A new parallel feedback architecture
Published:
Neri in ‘Object segmentation controls image reconstruction from natural scenes’ points out that “well defined boundaries within the eye may correspond to irrelevant features of the physical world, while critical features of the physical worlds may be nearly invisible at the retinal projection”. Further, the paper hints that the circuitry for the inferior temporal cortex is an integration of both, top-down and bottom-up maps. Much is known about the bottom-up procedure for identification of lines, edges and textures but how top-down maps are constructed for segmentation is yet to be discovered. A new parallel feedback architecture aims to develop an evaluation procedure on ‘how memory is used to construct top-down maps in the visual cortex’.
The forward-pass classification of the Deep Convolutional Networks (DCNs) inhibit them to actually understand the scene represented by the image. It is restricted to understand each image as lines and edges. In a quoted section from Neri’s paper,
the conceptual compartmentalisation associated with the bottom-up/top-down dichotomy may be more productively replaced by regarding these two processing modes as intimately integrated into a single adaptive mechanism, possibly providing a more appropriate framework for understanding early visual perception in humans.
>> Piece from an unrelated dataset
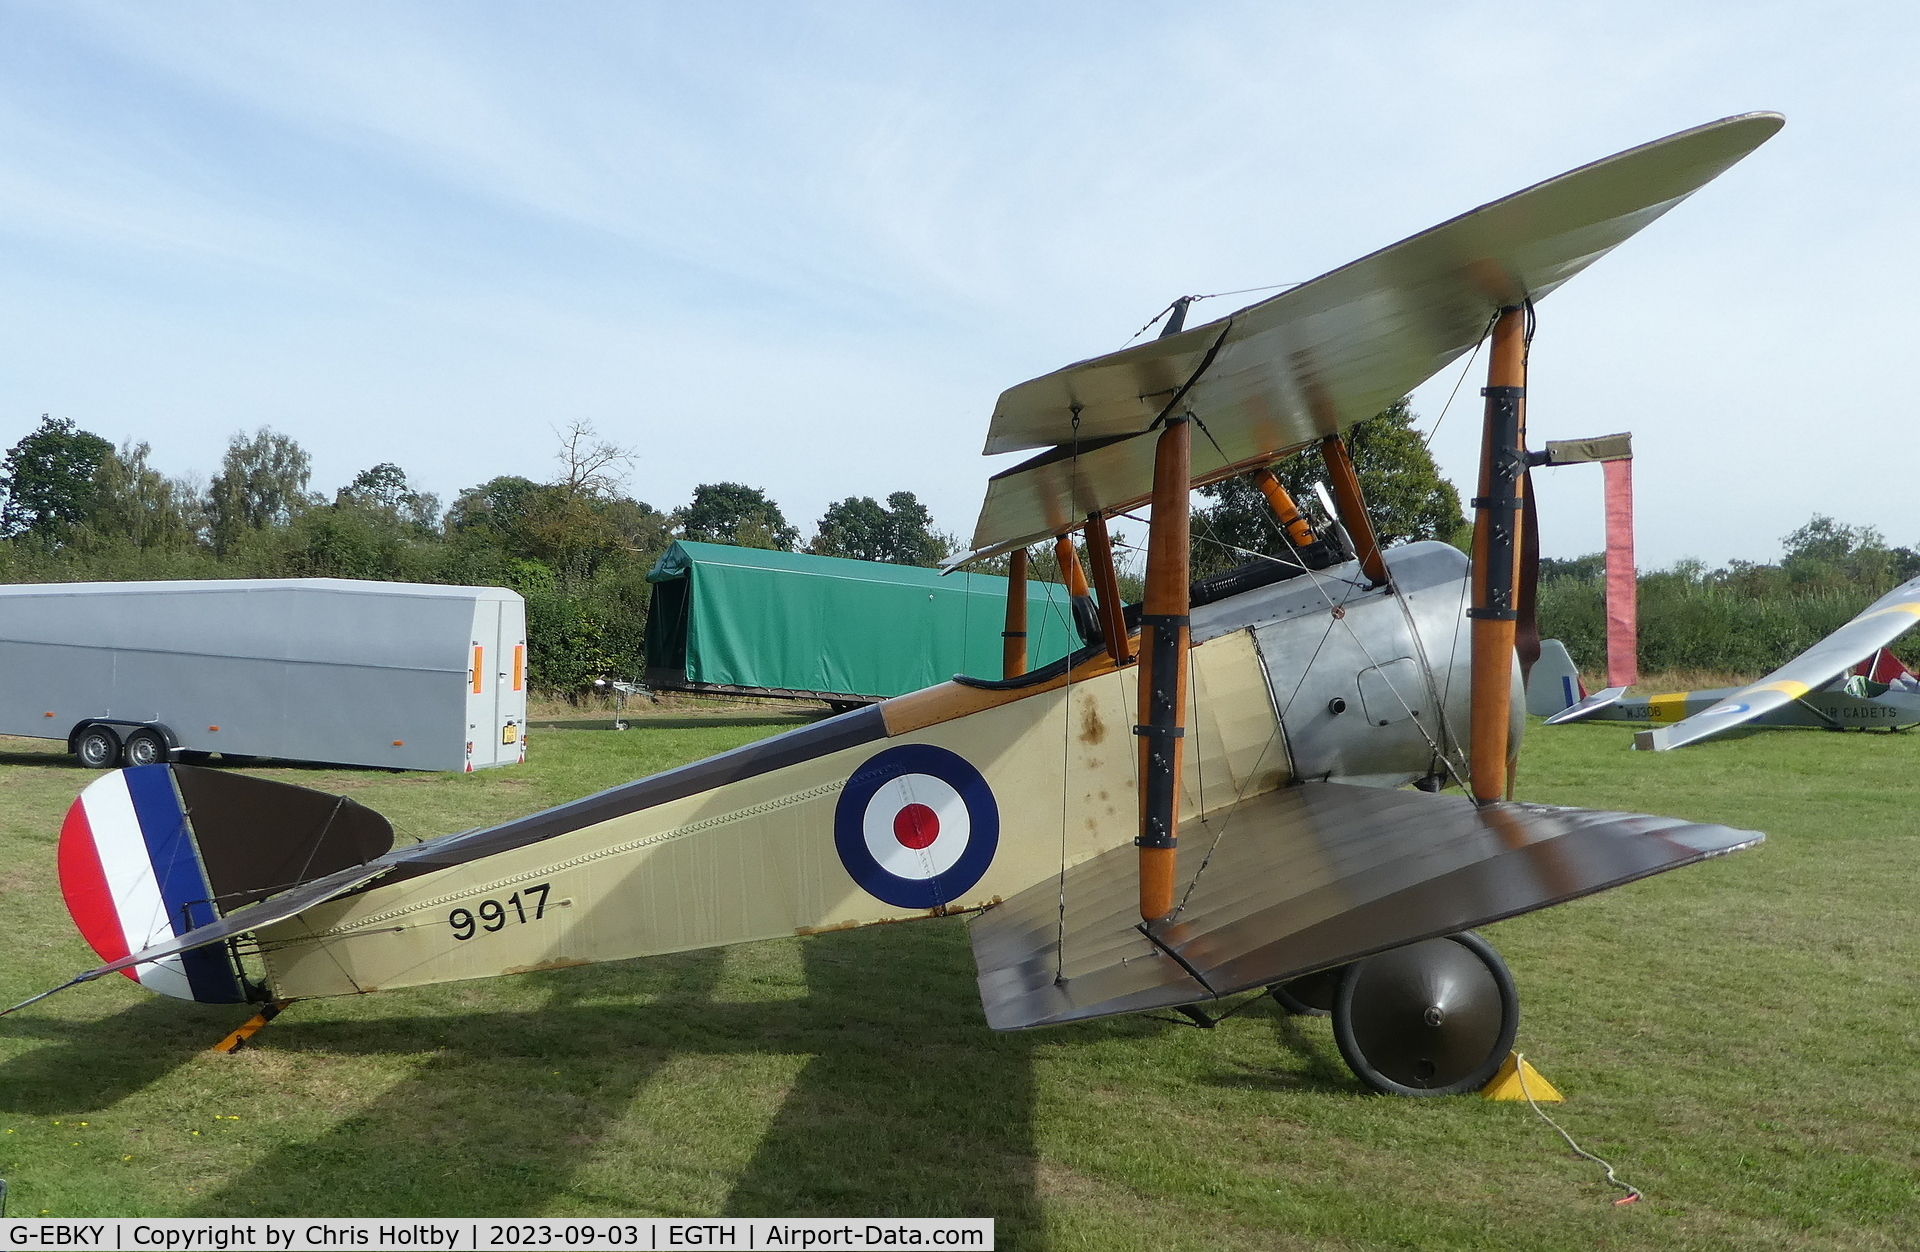 G-EBKY, 1920 Sopwith Pup C/N W/O 3004/14, 1920 Sopwith Pup rolled out for the Vintage Air Display at Old Warden

In the above quoted section, the integrated mechanism of top-down/ bottom-up dichotomy can be imagined as a multi-pass procedure. Multiple passes through such a network will incrementally define the rich and poor locations on the image. The current scene understanding models use the components to define the scene, rather than using the general setting of the scene to predict the components.

Working towards this new scheme of architectures based on scene context would indirectly eliminate computational burden on similar repetitive queries. To understand this better let us consider the following analogy:
If we walk blindfolded in our home, we can navigate the ways much more quickly than navigating through a new building. Such can be the case since we have much more context information on our home than the new building. As we get more and more context information on similar scenes, the parameters of the scenes pass from fine to coarse down the hierarchy closer to the actual input (Refer to the figure). A coarse parameter set describing the home will return initial results much faster than a further down-the-hierarchy fine-parameter set.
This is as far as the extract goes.